It is often assumed that the problem of data retention is about how to backup data and then restore it quickly and accurately, if there is a security event or system crash.
But, there are important cases, where the best data retention strategy is not to backup the data at all.
The process of backup is fairly well understood today and there are technologies for backing up data all the way from personal data backups on flash memory drives and Internet backup services to robots and cassette technologies for backing up terabytes of data.
Restoring data from backup is also nominally a fairly straightforward exercise, although I suspect that most businesses with well-oiled backup procedures generally don’t bother testing their backup media to see if they can actually restore the data.
But – there is another dimension to data retention besides backup and restore and that is minimizing the threat surface of sensitive data: PII (personally identifiable information) and ePHI (protected healthinformation stored in an electronic format).
Let’s take the case of a typical business that has customer data, commercial information and intellectual property related to a development and/or manufacturing process.
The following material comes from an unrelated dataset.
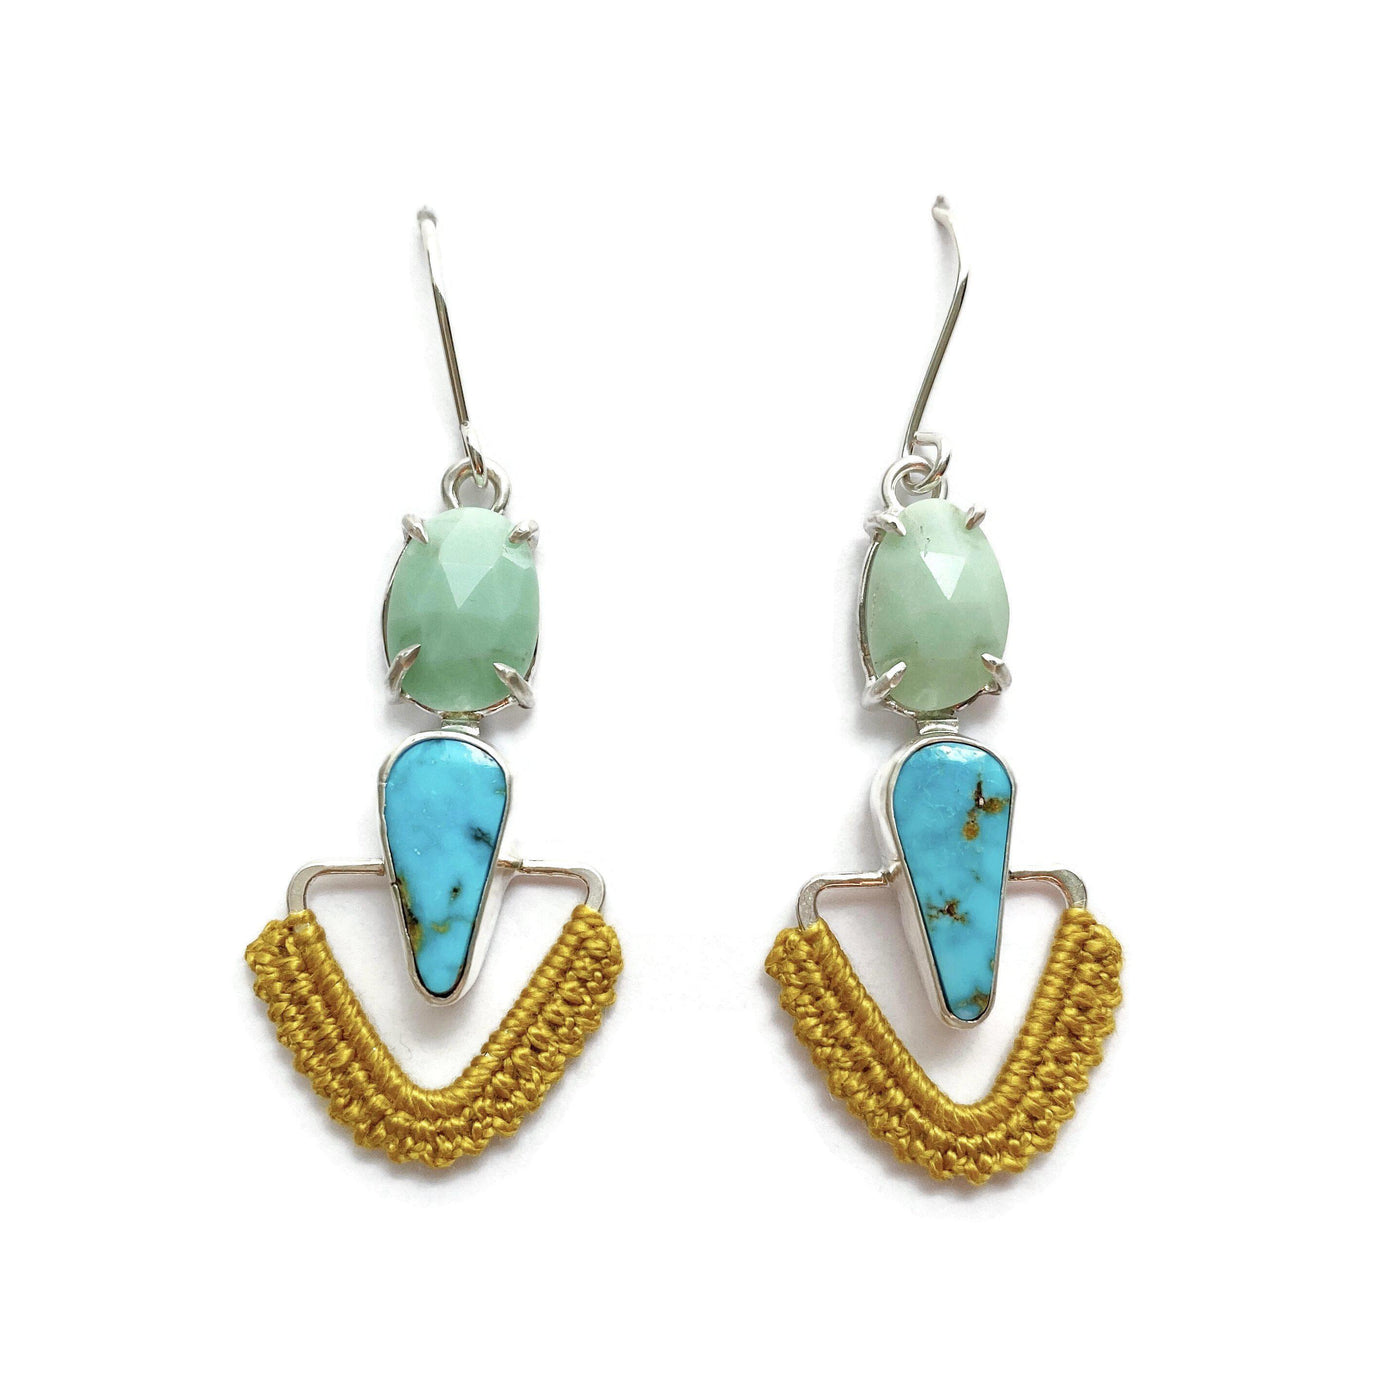 Pathway Earrings in Chrysoprase & Turquoise // One-of-a-Kind-Twyla Dill-Seattle Jewelry-Handmade Jewelry-Seattle Jeweler-Twyla Dill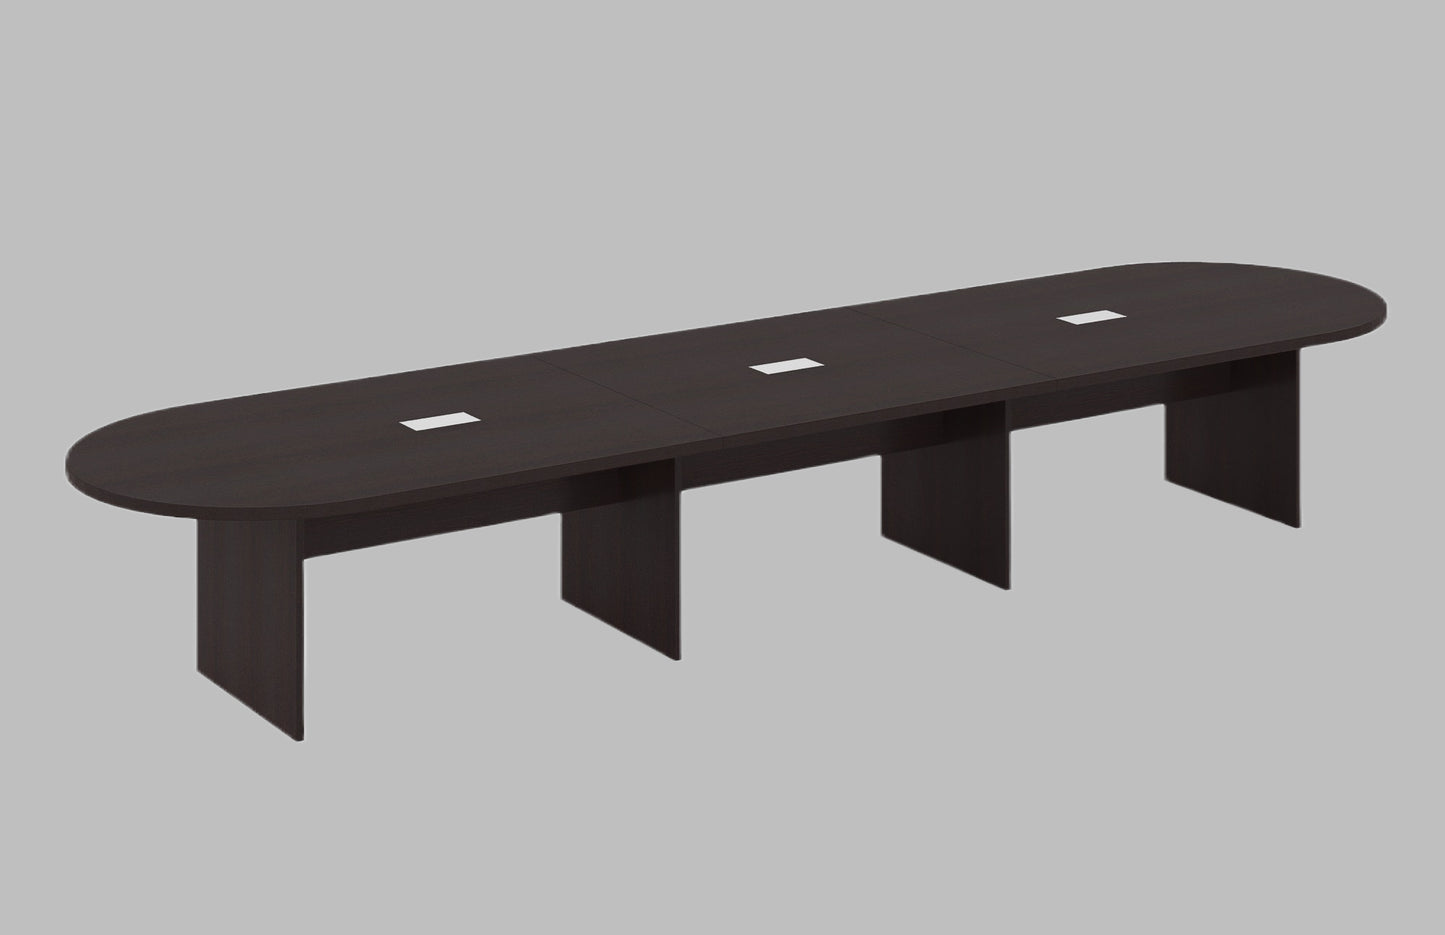 16FT Espresso racetrack shaped table

What is more important in our data retention strategy: Backup and restore of customer data? backup and restore of contracts or backup and restore of source code? The only way to answer this question is to understand how much these assets are worth to the company and how much damage would be incurred if there was a data breach.
For the purpose of asset valuation, we distinguish between customer data without PII and customer data that may have PII. Let’s consider 4 key assets of a company that designs and manufactures widgets and sells them over the Internet.
1. Customer data that may have some personal identifiers. The company may not deliberately accept and process customer data with attributes that would enable a third party to identify end users but such data may be collected in the course of marketing campaigns or pilot programs and and stored on company computers. At the end of the marketing campaign, was the data removed? Probably not. In the case of a data breach of PII, it does not matter what the original intent was, the liability is there. The company will pay the cost of the disclosure all the way through investigative audit through possible litigation.
2. Customer data with no personal identifiers. Best practice is not to store data with PII at all, if the business needs numerical data for statistics, price analysistrend analysis of sales or simulations for new products, the analysis can be done on raw data without any PII.The best security control for PCI DSS and HIPAA is not to store PII at all.
3. Company reputation. If there was a data breach, chances are company reputation may be tarnished for a while but notoriety is a form of publicity that can always be spun to the company’s advantage.
4. Intellectual property – for example, chemical recipies, algorithms, software engineering and domain expertise. The damage of IP data loss can be sizable for a business, especially for an SME. Here – the data retention strategy should focus on highly reliable backup and restore with data loss prevention to block leakage of sensitive digital assets. There is an ethical component to protecting IP and that means making sure that your employees and contractors understand the importance of protecting the business IP.
Note that in the life cycle of a customer data breach, damage first accrues from attacks on the data assets followed by reputational damage as the company gets drawn deeper into damage control, investigation and litigation.
But what about the customer data?
How do you minimize the customer data security threat surface?
In 3 words, your data retention strategy is very simple:
Don’t store PII.
Decide now that sensitive data will be removed from servers and workstations. Make sure that customer data with PII is not backed up.